I paste this into an emacs buffer and save it as windmill_tests.py. Then I shut down the windmill process (I have to ‘kill’ it to make sure everything terminates correctly :P) and pass in the test I just created with ‘windmill firefox URL test=windmill_tests.py’. Sure enough, the browser launches, hits the site, and starts following links and entering text! Initial success makes much happy.

Controller API

The ‘client’ variable in the python code above is a handle to a WindmillTestClient object, which exposes the Windmill Controller API. The controller is what is driving the browser. One fun trick is that you can put a pdb in your test code and you’ll get an interactive prompt which you can use to control the live browser window. Now enjoy the power of a python command line interface to teh interwebs, while still being able to access all the rich multimedia that today’s users demand! It’s definitely more fun than it should be to fill out web forms and click on links by typing in ‘client.type’ and ‘client.click’ commands.

Assertions

Astute readers will have noticed that the second run of the user creation test would have a different result than the first. Indeed, when I used Windmill to run the test steps I’d captured, it ended with an error message informing me that the username was already taken. Real tests of course will want to make assertions, to ensure that the behaviour is really what you want. Enter the Assertion Explorer. At any point, you can click on the Assertion Explorer button, and then click somewhere on the page, and the IDE will generate a best-guess assertion for you for the element that you selected.

The generated assertions are sometimes spot-on. Whenever I clicked on a portal status message, for instance, it asserts (using XPath) that the PSM element exists on the page, and that it contains the specified text.
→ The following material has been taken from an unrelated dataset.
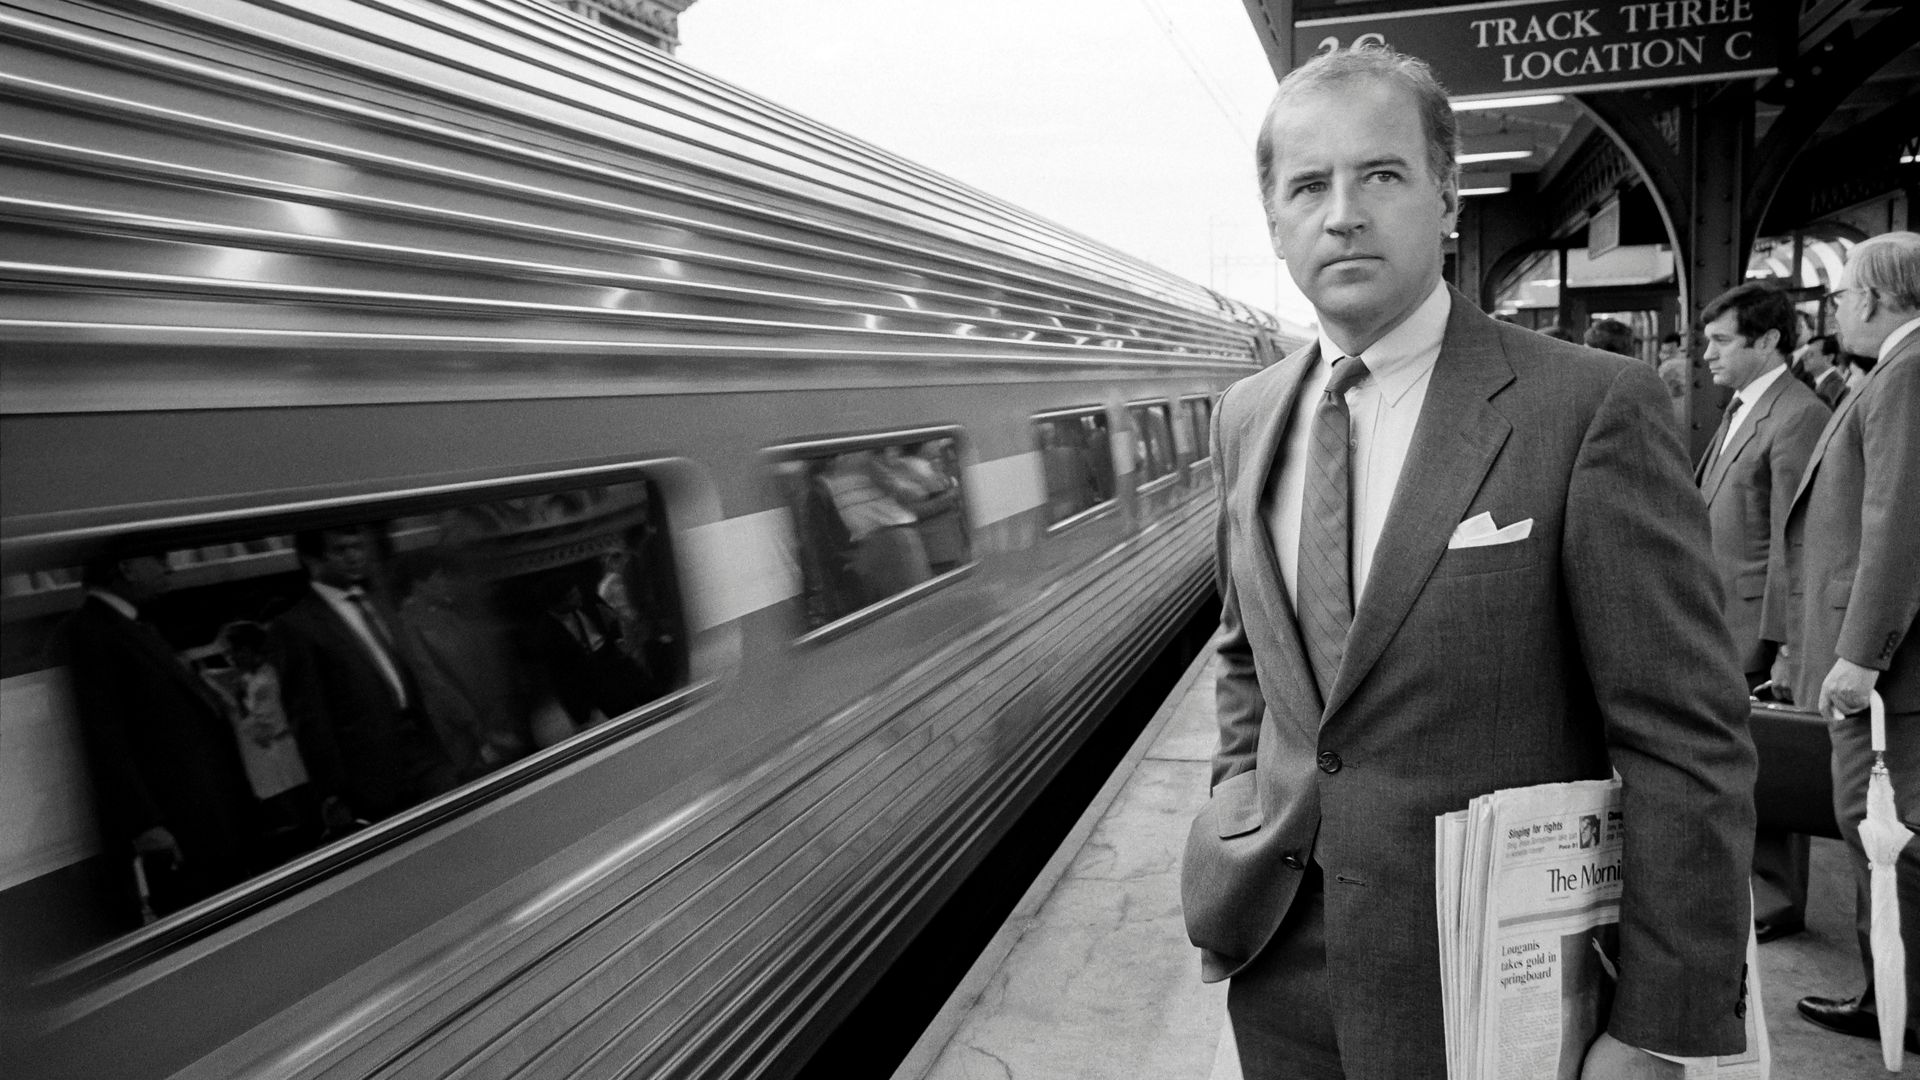 Joe Biden stands on a platform as a train passes by him.

When I click on regular page text, however, it only checks for the existence of the clicked node, when I want it to check the text as well.

The asserts are a part of the Controller API, and are pretty easy to understand. Here’s an example of a couple that I generated:

    client.asserts.assertNode(xpath=u'/html/body/div/div/div/div/div')
    client.asserts.assertText(xpath=u'/html/body/div/div/div/div/div', validator=u'Welcome! You have signed in.')

    client.asserts.assertNode(xpath=u’/html/body/div/div/div/div/div’)
    client.asserts.assertText(xpath=u’/html/body/div/div/div/div/div’, validator=u’Your changes have been saved.’)
    client.asserts.assertNode(link=u’something else+’) 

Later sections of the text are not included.